I FOUND myself with an interesting dilemma the other day whilst pursuing my new career as a part-time equine effluent disposal engineer.

I was in a stall with three mettlesome ponies and a lovely 20-something lady, who is six months pregnant, when we discovered we were locked in. The stable door was secured by a low-level latch which neither of us could reach.

I had managed to extricate myself from a similar dilemma earlier in the week by poking the latch with my sweeping brush, but this time there were no long- handled implements to hand, and nor was there anything to stand on for extra height.

There was no-one within hailing distance, so it became clear that one of us would have to climb the wall.
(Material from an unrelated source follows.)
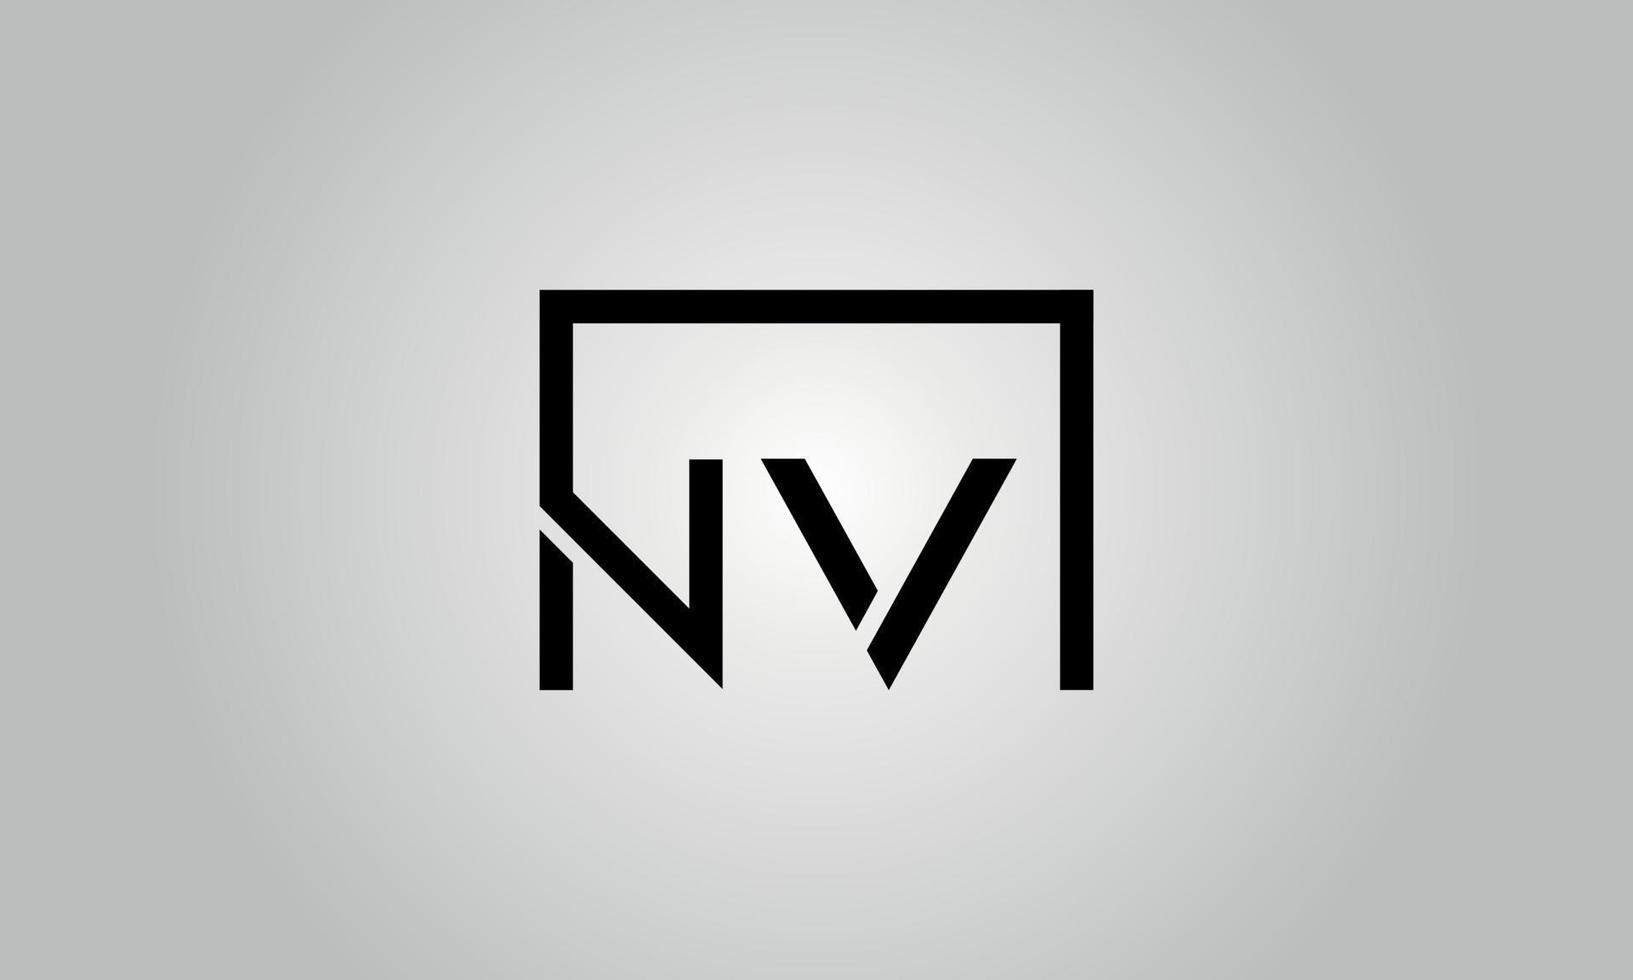 Buchstabe nv-Logo-Design. nv-Logo mit quadratischer Form in schwarzen Farben Vektor kostenlose Vektorvorlage.

My instinctive chivalry dictated that it should be me, but then I remembered that modern lasses don’t like to be molly-coddled.

I have been snarled at for opening doors for women, and giving up my seat on public transport, but I don’t think there was a section in the book of etiquette for wall scaling for mothers to be.
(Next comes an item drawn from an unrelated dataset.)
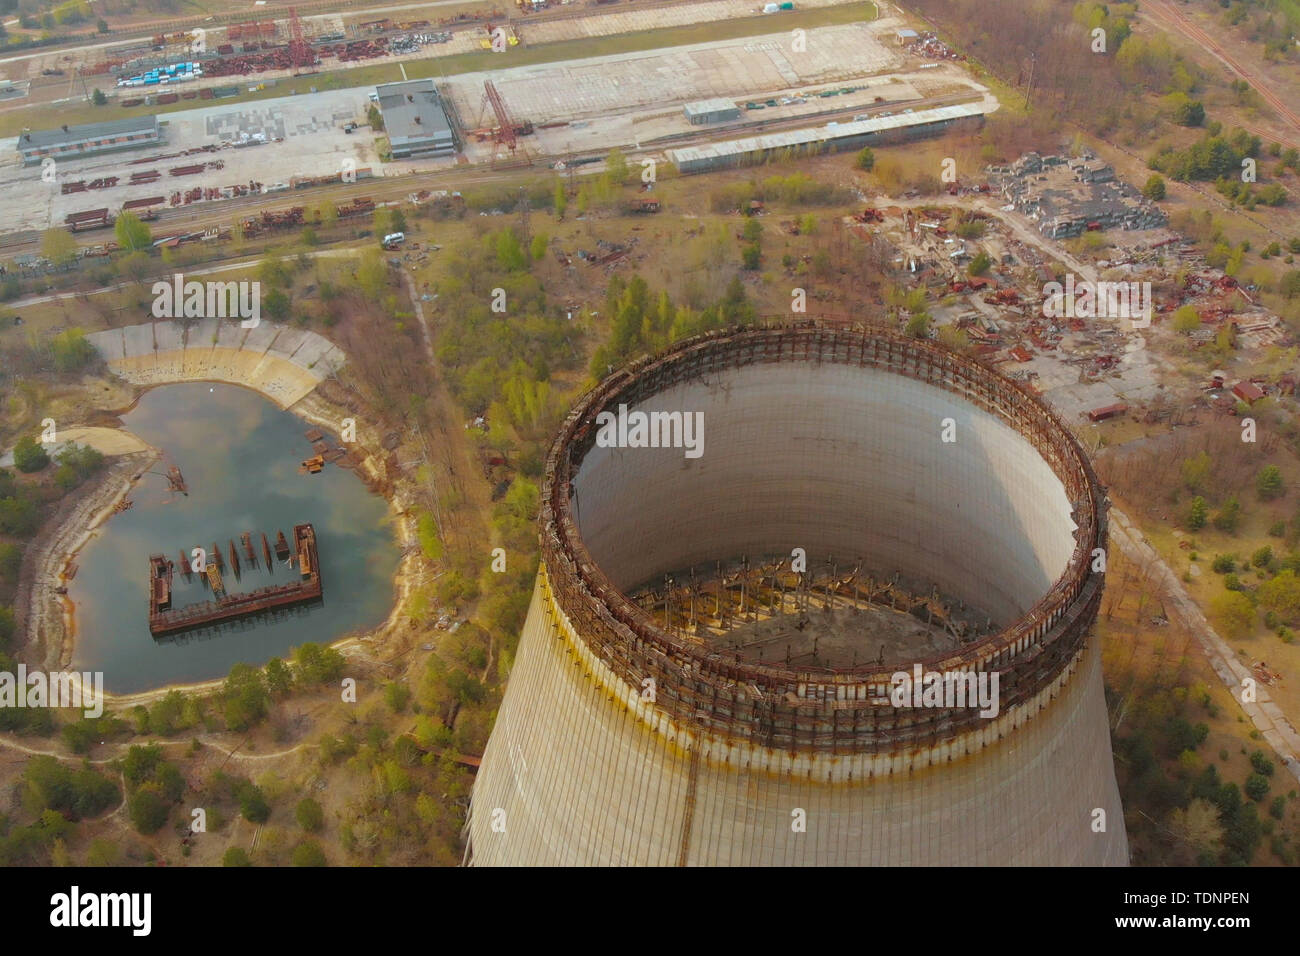 Drone survole près de la tour de refroidissement de la centrale nucléaire de Tchernobyl. Centrale nucléaire de Tchernobyl. Donnant sur la tour de refroidissement de centrale nucléaire en Banque D'Images

I did try to climb the wall, but could find no purchase for my scrabbling, wellied feet on the smooth blockwork, and my puny office arms were way too weedy to pull myself over the top,

My companion suggested I should jump on the back of one of the ponies and use it as a launching pad to get over, but one glance at their rolling eyes and swishing tails persuaded me this was perhaps not a good idea.

I already had a black bruise on my arm after being nipped by one horse entirely without provocation, so using one as a stepping stone would surely have brought even more drastic retribution.
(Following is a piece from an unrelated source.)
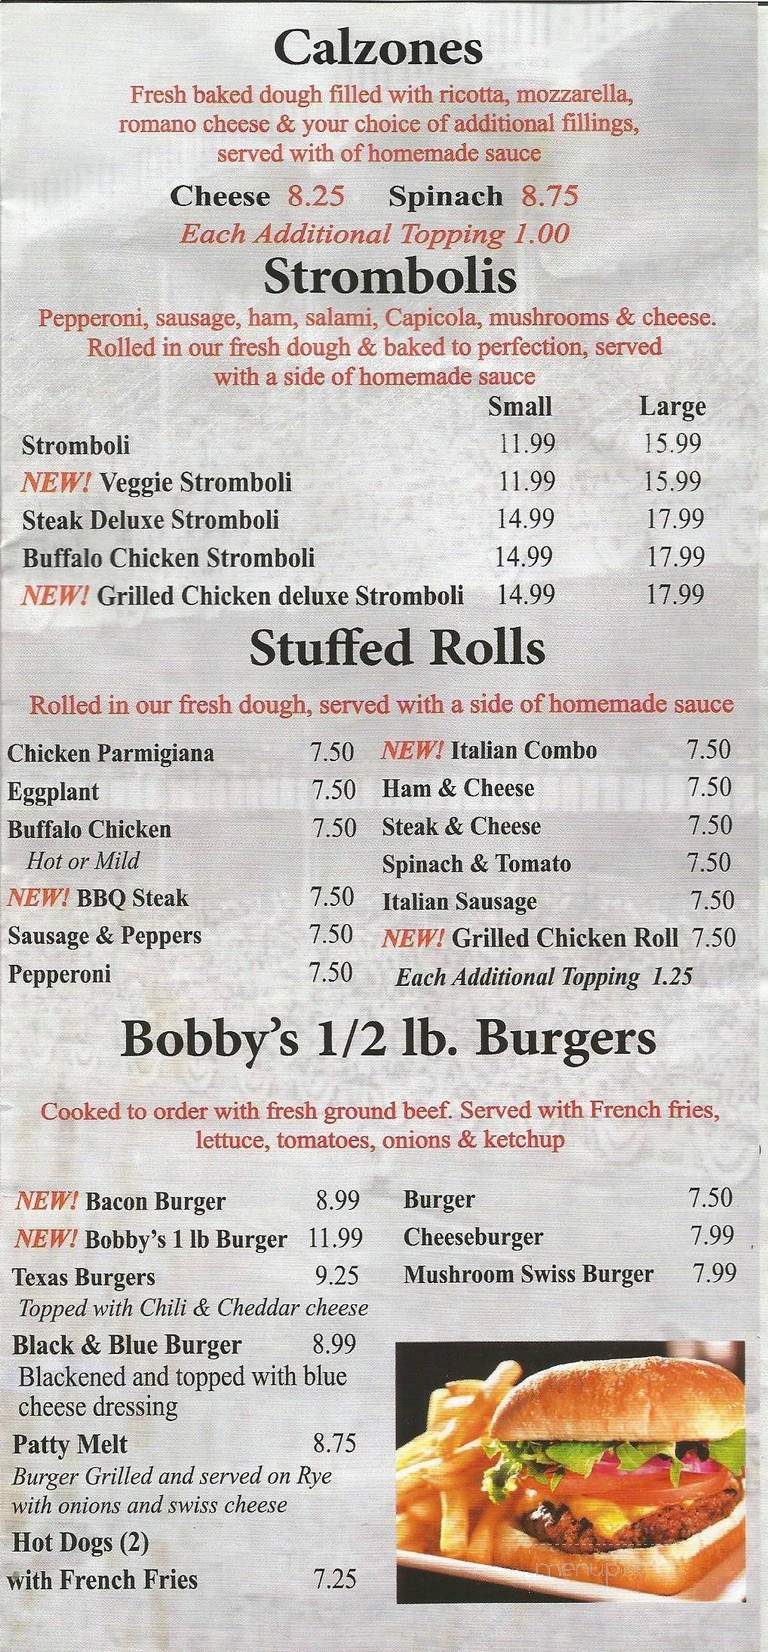 Bobby's Pizza - Port St Lucie, FL

My fellow prisoner, who is 40 years younger than me, weighs around half as much, and is as fit as a lop, then brushed aside my protests and tried to get over herself, but was mortified that her increased girth – still considerably less substantial than mine – meant she could not pull herself over either.

So there we were, a fat and unfit OAP and an infanticipating female, held in giggling durance vile until she finally persuaded me to form a bridge with my hands to boost her over and allow us both to escape, although she could hardly complete the climb amidst the ensuing gales of laughter.

I felt wretchedly ungallant, but I suppose it was the right thing to do in the circumstances. If I had somehow managed to climb over, I suspect I would have fallen off the top of the wall and broken something –probably the concrete floor.

This was not the first time I have had problems helping ladies over walls, and the outcome of the last incident was rather less successful.

An elderly lady appeared at the door of Hextol Towers some years ago inquiring how to get to a neighbouring bungalow, without taking a detour of several hundred yards.

Without thinking, I pointed out there was a gap between the wall and the hedge which was commonly used by visitors to the bungalow, involving a quick squeeze and careful use of a keggly stepping stone and suggested she go that way.

While it was a convenient shortcut for those still sound in wind and limb, it was a different proposition for an octogenarian in full Sunday best.

She was a substantial lady, and it was soon apparent that this quart was never going into that pint pot. Despite my efforts to shoulder her through, she was soon thoroughly wedged between hedge and wall, displaying an unseemly amount of surgical stocking and capacious bloomers, while wailing piteously: “Ooh Mr Hextol, what a pickle you’ve put me in…”

I tried pulling her back the way she had come, but she was so tightly corseted I could not get a grip, and nor could any of the neighbours who had come out to lend a hand or simply to gawp.

I seem to recall that darkness was falling by the time someone produced a bush saw and lopped a few branches off part of the hedge, and she could finally be extricated.

For some reason, she did not complete her visit to the bungalow, and was not all that grateful to me for helping to rescue her, giving me a Medusa stare which she turned on me every time I saw her for the rest of her days.